And mony, obviously, may ye see. That goes without saying.

I got flu, just before the bells. I haven’t seen much of 2003 yet.

For a gardener, I suppose this is the best time to get flu. Not much doing anyway.

But this year, instead of participating, I was forced to watch telly from my bed. It was as bad as it has always been, and in my Sudafed-and-Toddy delirium, I found myself reflecting on the surreal televising of Hogmanay over the years.

Hogmanay is not about cheaply imported bands from Cajun swamps. It is not about singing dentists (a free dram to the first reader who gets that reference). It is not even about repeats of Runrig on the Rock – albeit, these repeats since the demise of Donnie, are preferable to the current Runrig on the rocks.

In fact, Hogmanay is not about anything which can be successfully televised. And after the disastrous attempts over the years, I despair of our nation’s television producers. Even a Pavlovian pooch would have twigged by now.

The spirit of Hogmanay will never be caught on camera.

Hogmanay is about the drunk turning up at your door at 4am on January 1st, falling on his face in the lobby, puking down his shirt, then offering you a dram; pulling an accordion from his back pocket, and playing magical music until he falls over again.

Then he slumbers quietly in a colourful pool of his own vomit until his mate turns up, walking stiffly ‘cos he’s p*ssed down one leg of his genes (Gotcha, spellchecker!). The mate pulls a fiddle from a hidden orifice, and together they play Strathspeys and Reels the like of which you’ve never heard since Andy Stewart was but a loon (Doric), and Calum Kennedy was sober.

The stirring, emotional, enchanting nature of their music is only slightly enhanced by your own inebriation.

Which is not only compulsory, but without which, frankly, you are wasting your time being awake.

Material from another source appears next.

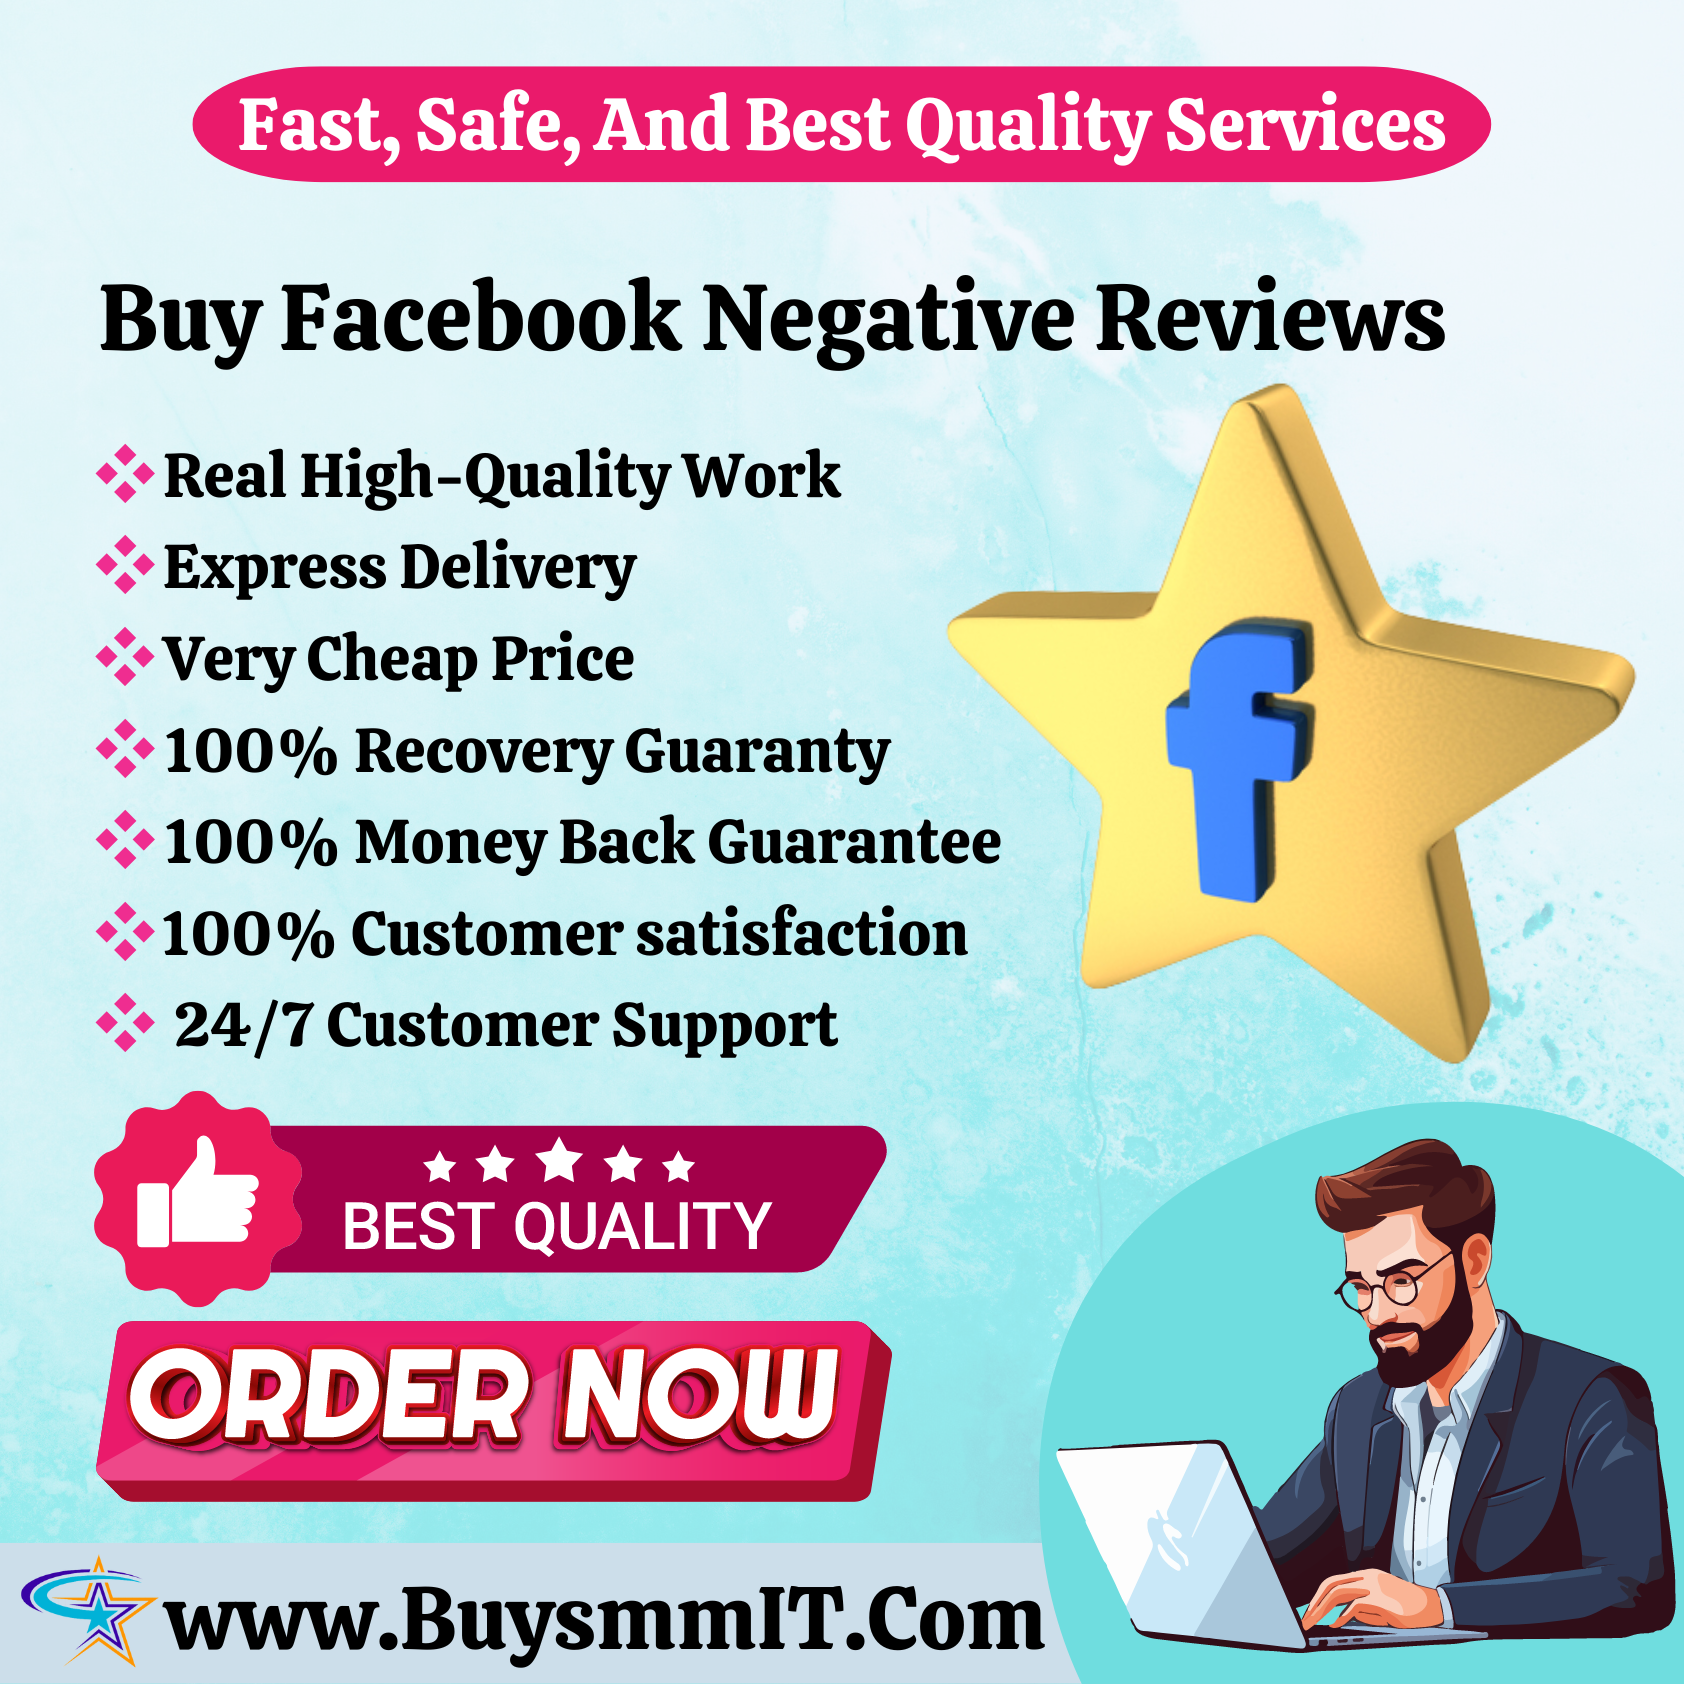 Buy Facebook Negative Reviews-High Quality Service

Don’t waste your Hogmanay watching the contrived Lowlands Scots pretend TV programmes, which only fuel the myth that Hogmanay is about country and western singers, posers with kilts, and news presenters with scrawny boobs. (The latter is not a reference to Jackie Bird, according to my lawyer.)

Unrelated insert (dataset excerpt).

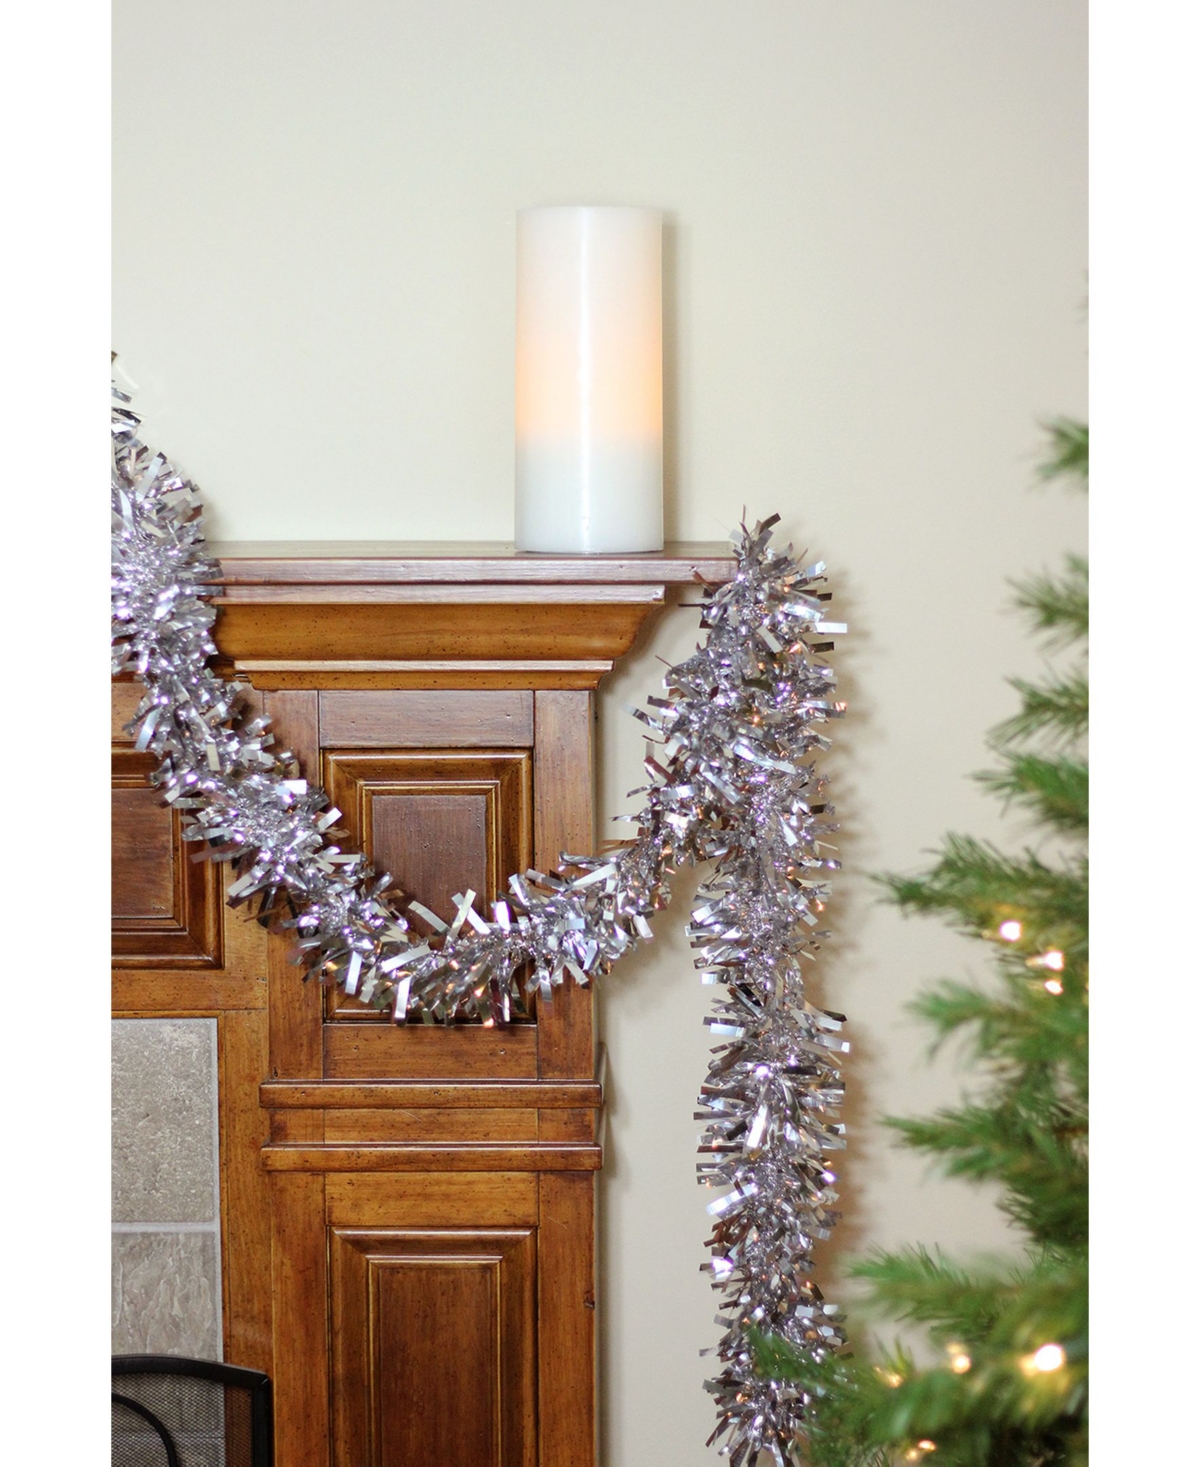 12' x 3 Silver and White Iridescent Tinsel Garland with Silver

Find a local pub in Portree, or Durness, or Ullapool, or Lairg, or even Wick or Thurso. Somewhere which is not only not televised, it’s not even advertised.

And then, if you approach quietly, imitating the local customs and traditions, and not giving away the fact that you are an interloper, an alien, foreign, English, from the Borders, or even an Aberdonian (like me), you may just find yourself involved in a real Hogmanay.

Gardening is a serious business, and some of us sow our onions traditionally on New Year’s Day. I was sober enough to try that once, and they bolted.

I have been gardening now for nigh on forty years – granted I was a horticulturally-inclined embryo – and I can only conclude that any gardening activity, other than browsing seed catalogues, before the middle of February, is taking optimism into the realms of fantasy.

Forgive me for being a wee bit revolutionary, but may I humbly suggest the gardener’s Hogmanay should begin on the 15th of November, and conclude on the 15th of February.

That way, we can pack all our alcoholic aberrations into 25% of the year, and then by working resolutely 24/7, we can make the most of the growing season.

So you’re welcome here for a dram between now and the middle of February.

It has been a privilege to offer a gardening column here on Caithness.org in recent months. I may put my tongue in my cheek from time to time, but rest assured I will do my best to offer serious and helpful information – outwith the three-month Hogmanay period, obviously!

Footnote: Although I’m still in Hogmanay mode, my natural dedication insists I remind you of a couple of things –

1. This is the time of year to clean out your greenhouse or polytunnel. All the moss and algae which has accumulated over the year will succumb to many expensive, brand-name products. They will also succumb, more economically, to a good wash with Jeyes Fluid.

2 Chit your seed tatties. Old egg cartons are ideal, ‘cos they stop the tatties rummeling aboot, and breaking the sprouts. Get them into a light place now, or the sprouts will become long and drawn you’ll never get them planted without breaking them off.

© Mike Clark 2003.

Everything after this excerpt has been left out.